On the 14th day after dosing, the animals from both groups were sacrificed, and their vital organs were removed to investigate any histo-pathological signs related to the treatment. The organs, such as the brain, liver, spleen, kidney, lungs, heart, and intestine, were preserved in formalin 10% solution and then examined microscopically for histopathology after being stained with H and E dyes. The gross morphology of the vital organs of the control and treated group is shown in Figure 11.

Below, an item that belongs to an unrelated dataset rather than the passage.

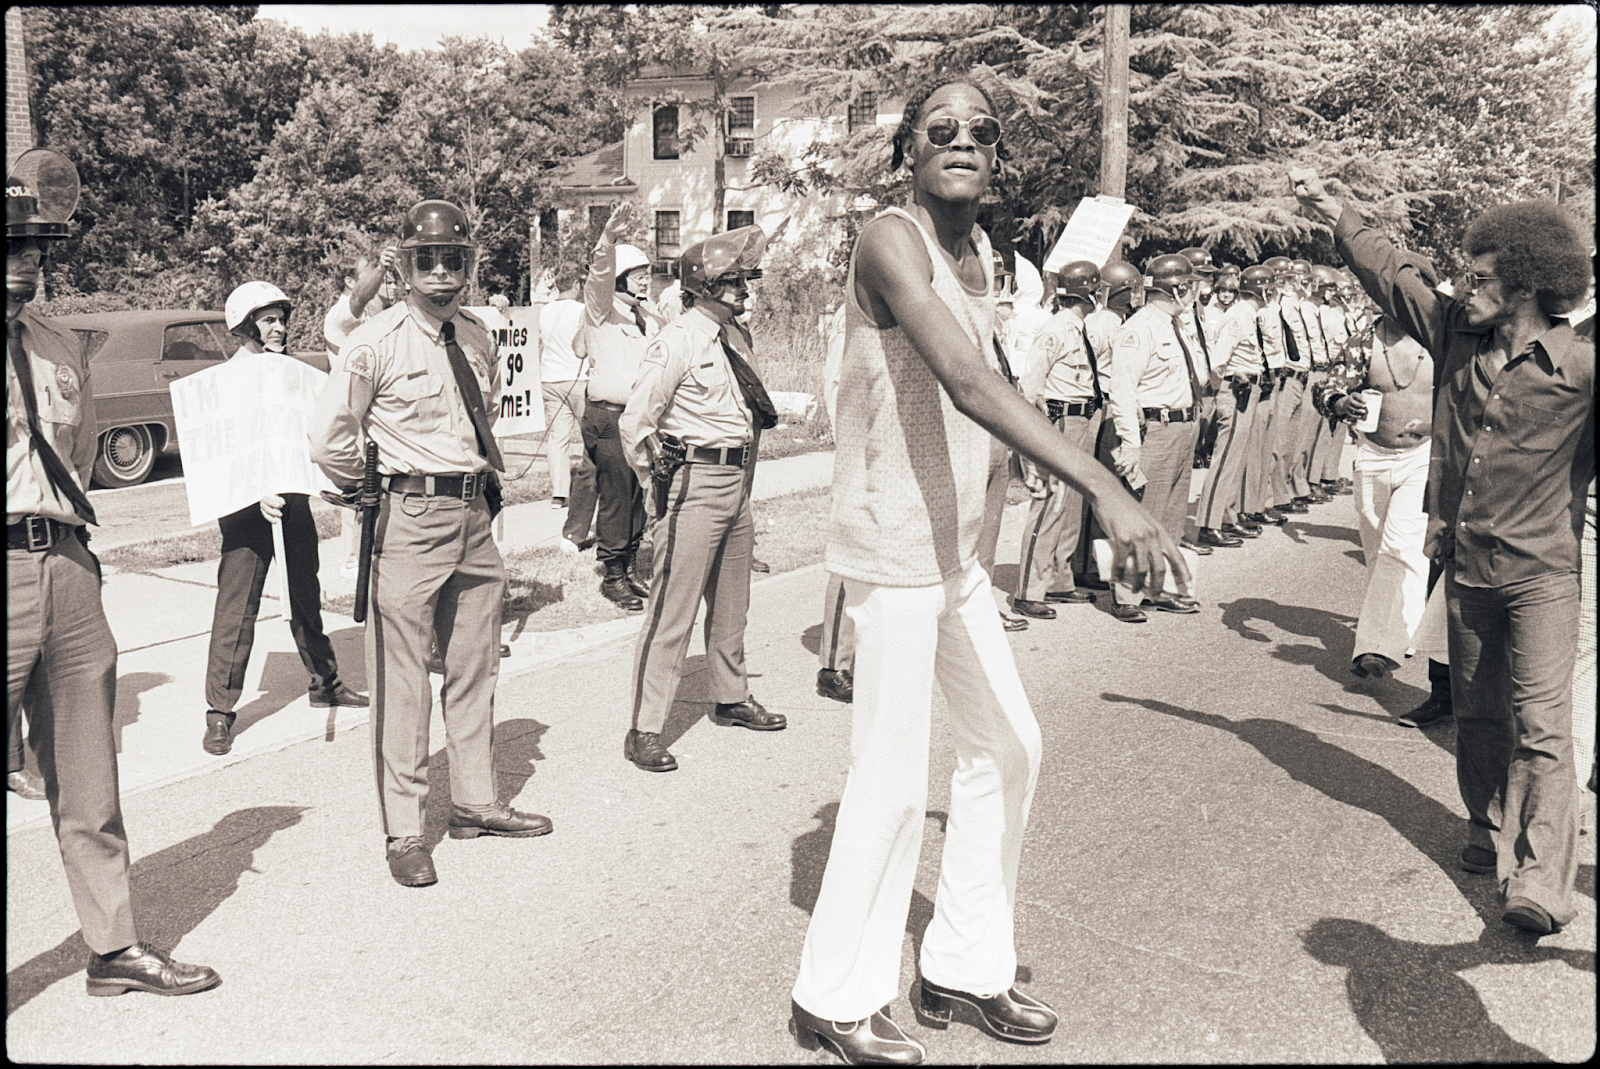 Protestors and police at protest against the death penalty, 1974.
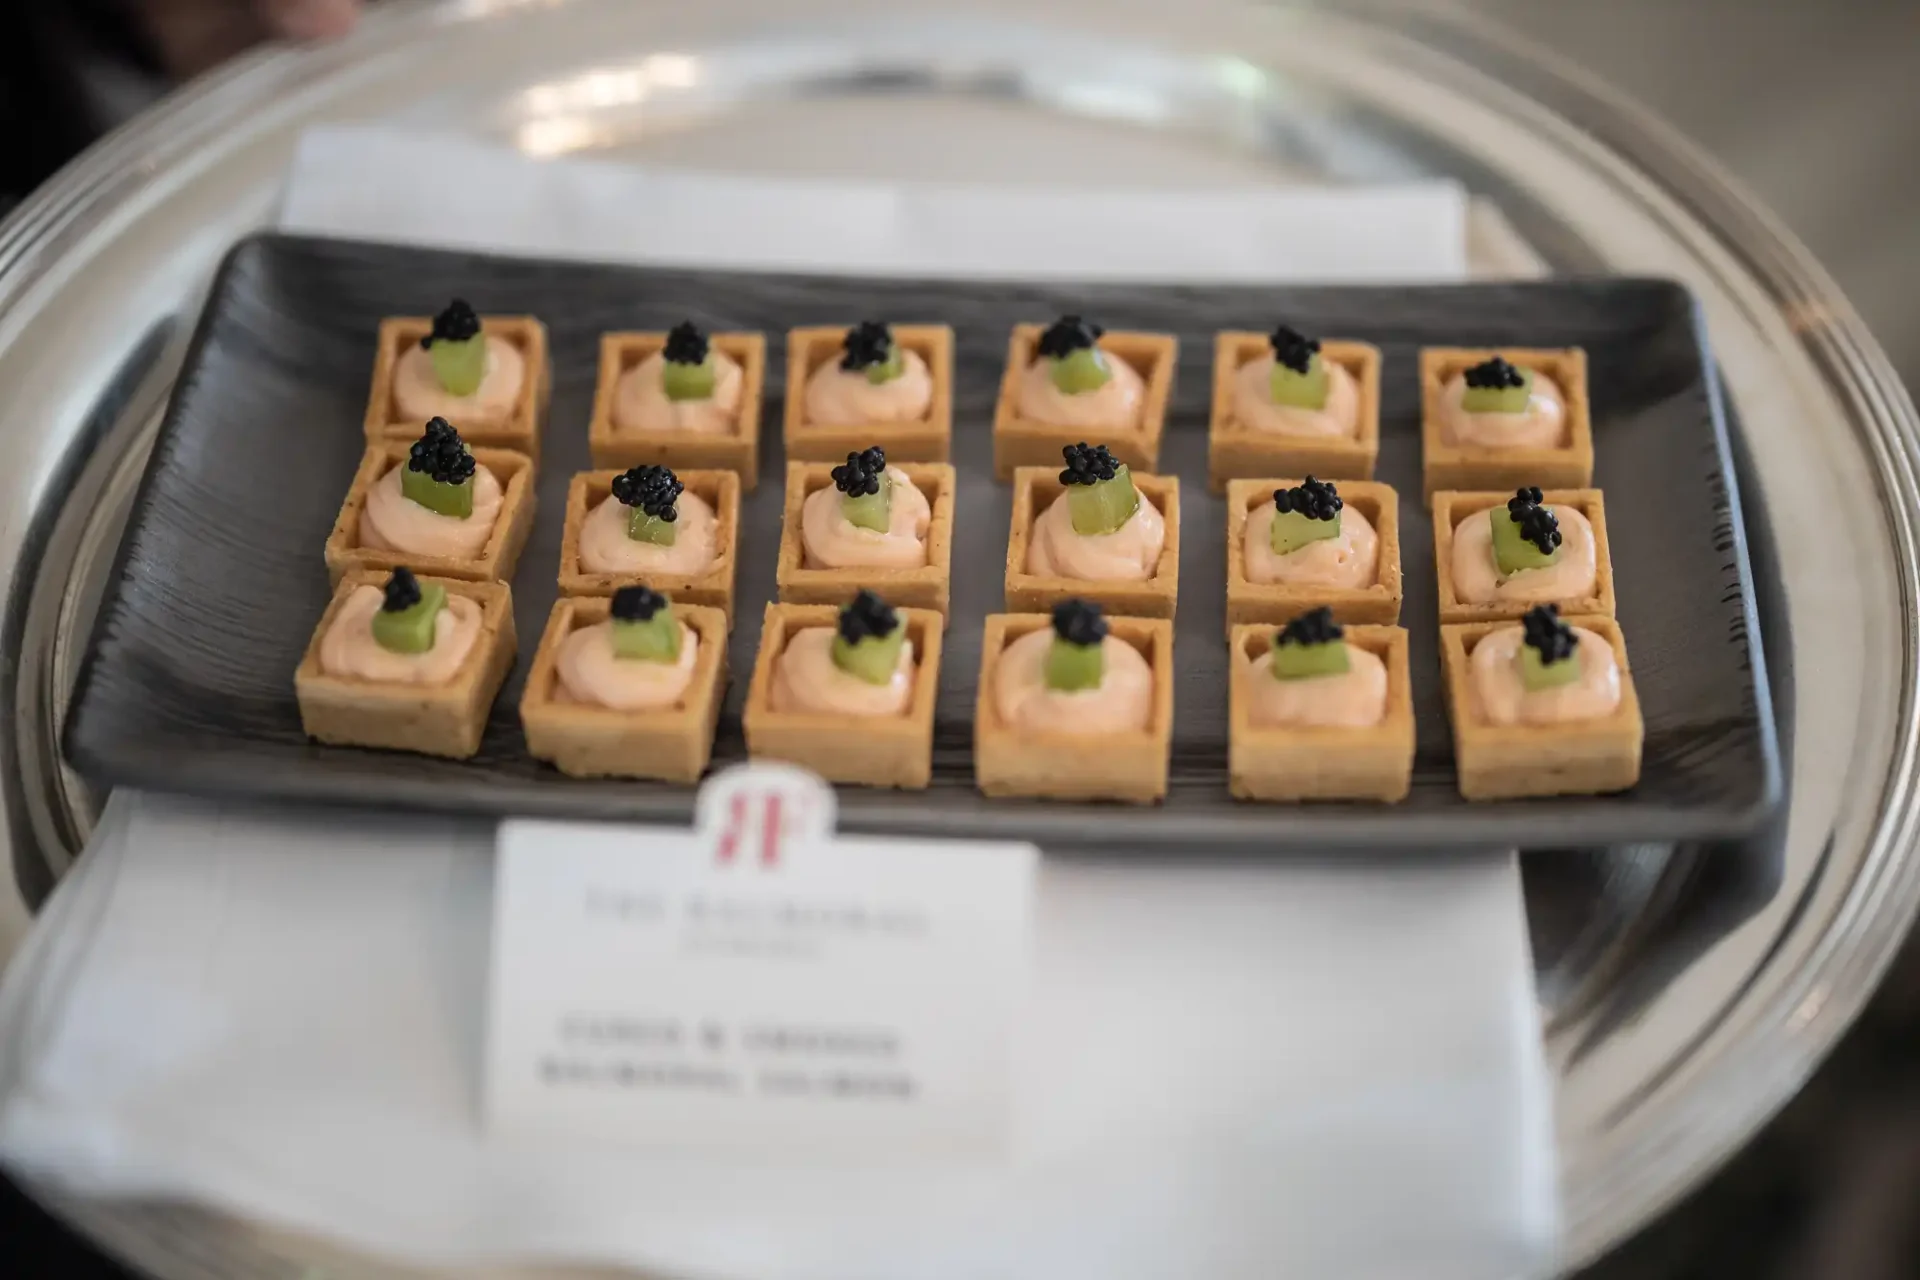 A tray of elegantly presented salmon and caviar appetizers, each garnished with a small leaf, ready to be served at an event.

The brain showed the presence of excessive glial cells with minimal shrinkage of the neurons. Overall, no signs of damage were seen in the axonal neurons. The heart tissue histology suggested no localized hypoxia, damage, or cardiomegaly. Only a few cells showed signs of morphological artifacts in some areas. The lung tissues in the microscope showed signs of hemorrhage visualized in the spleen tissue with normal alveolar wall thickness. There was no sign of alveolar edema. The kidney tissue appeared normal with a normal glomerulus and bowman capsule. The shape and appearance of the spleen were fine on the whole, with healthy-looking red and white pulp zones. Splenomegaly was not seen. Slight hepatocyte ballooning, indicative of liver fibrosis, is seen in Figure 13 (T).

4. Conclusions

Hydrogels based on Na-Alg/CP-934P-co-poly(MAA) were developed using a free radical polymerization approach, revealing themselves as a smart and environmentally sensitive network enabling pH-driven regulated distribution of DF to the colon. Adding Na-Alg and Carbopol-934P increased the material’s biodegradability, Mucoadhesion, and mechanical strength. The manufactured network’s increased toughness makes it an excellent choice for withstanding the contractile forces of GIT.